Psoriasis is an inflammatory skin condition in which an increased production of cells results in red, flaky, crusty plaques, covered with silvery scales. These mostly occur on elbows, knees, scalp and lower back and can be itchy or sore.
Skin cells normally have a life cycle of 3-4 weeks but in the case of psoriasis, the cycle tends to be 3-7 days, causing the over-production. It varies in severity and is characterised by periods in which there are no symptoms or only mild ones. Although the condition is not fully understood, it is thought to be linked to the immune system.
There are different types of psoriasis. Guttate psoriasis affects the body in a raindrop pattern and occurs mainly on the torso. Plaque psoriasis is the more typical thick, scaly type and there is a form that just affects the nails. To confirm the diagnosis of psoriasis, and to rule out other skin disorders, a biopsy can be performed.
Life events such as stress, pregnancy or illness can bring on an attack of psoriasis. In particular, injuries to the skin and throat infections, as well as the use of certain medications, are sometimes linked to flare ups.
Initially, patients would be educated on how to look after their skin and started on topical treatments, with regular moisturisers in the form of creams and ointments. Treatment with vitamin D analogues can also be undertaken and this can sometimes be combined with topical steroids to help treat the skin and reduce the thickness of the affected area.
If the plaques are thick and fairly widespread, another option is PUVA (Psoralen with UVA) light treatment. Psoralen can be administered as a tablet or as a bath solution and in both cases interacts with ultraviolet light to treat psoriasis and other skin conditions. If the psoriasis is widespread but not very thick, narrow band UVB, which does not penetrate as deeply into the skin, is used to treat it.

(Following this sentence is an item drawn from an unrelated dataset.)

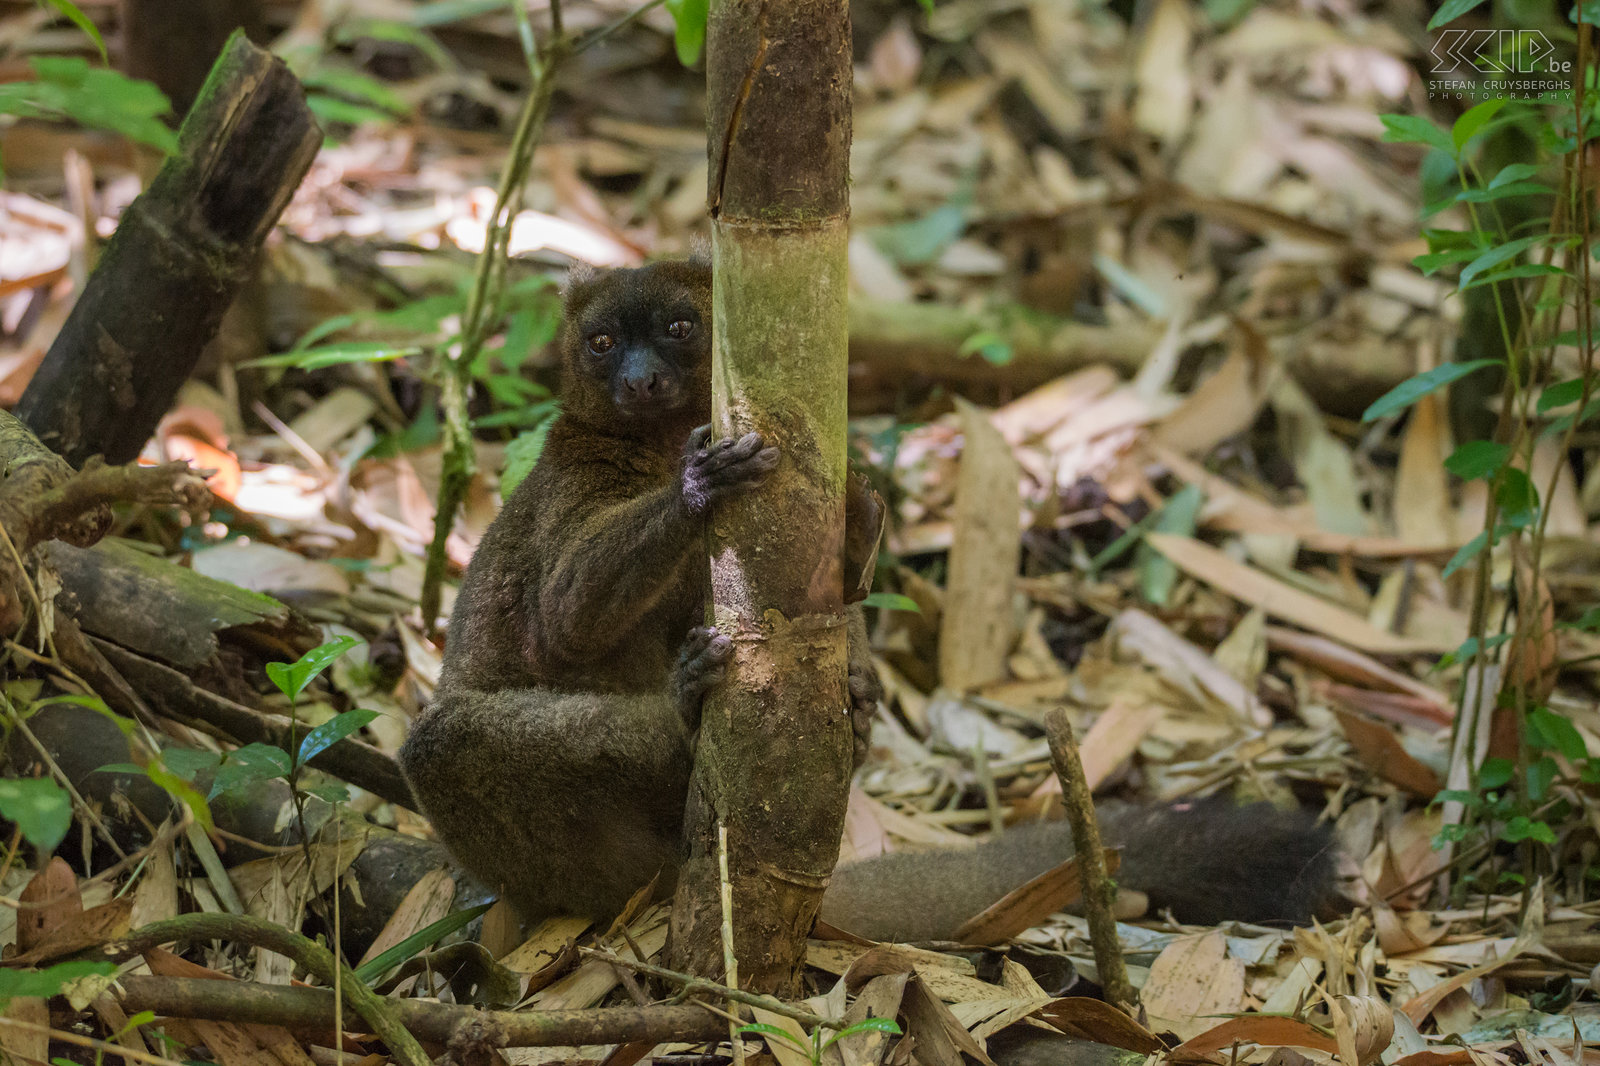 Ranomafana - Greater bamboo lemur The greater bamboo lemur (Prolemur simus) is the largest bamboo lemur and one of the world's most critically endangered primates. They live in groups up to 28 individuals and only feed on bamboo leaves and shoots. Stefan Cruysberghs

Systemic regimes are designed to offer longer term control of persistent psoriasis. Examples of these are Cyclosporine, (which normally involves a course lasting from six to a maximum of twelve months) and Acitretin or Methotrexate. These are particularly applicable for patients who have suffered for many years from psoriasis and need ongoing treatment. These treatments are designed to manipulate the immune system in order to reduce the inflammatory markers in the body.
If certain criteria are met and if systemic treatment has not had the desired effect, patients may be offered biological injections. These are specifically designed to mimic chemicals naturally found in the body and to correct any deficiency in them (as insulin does in the case of diabetes).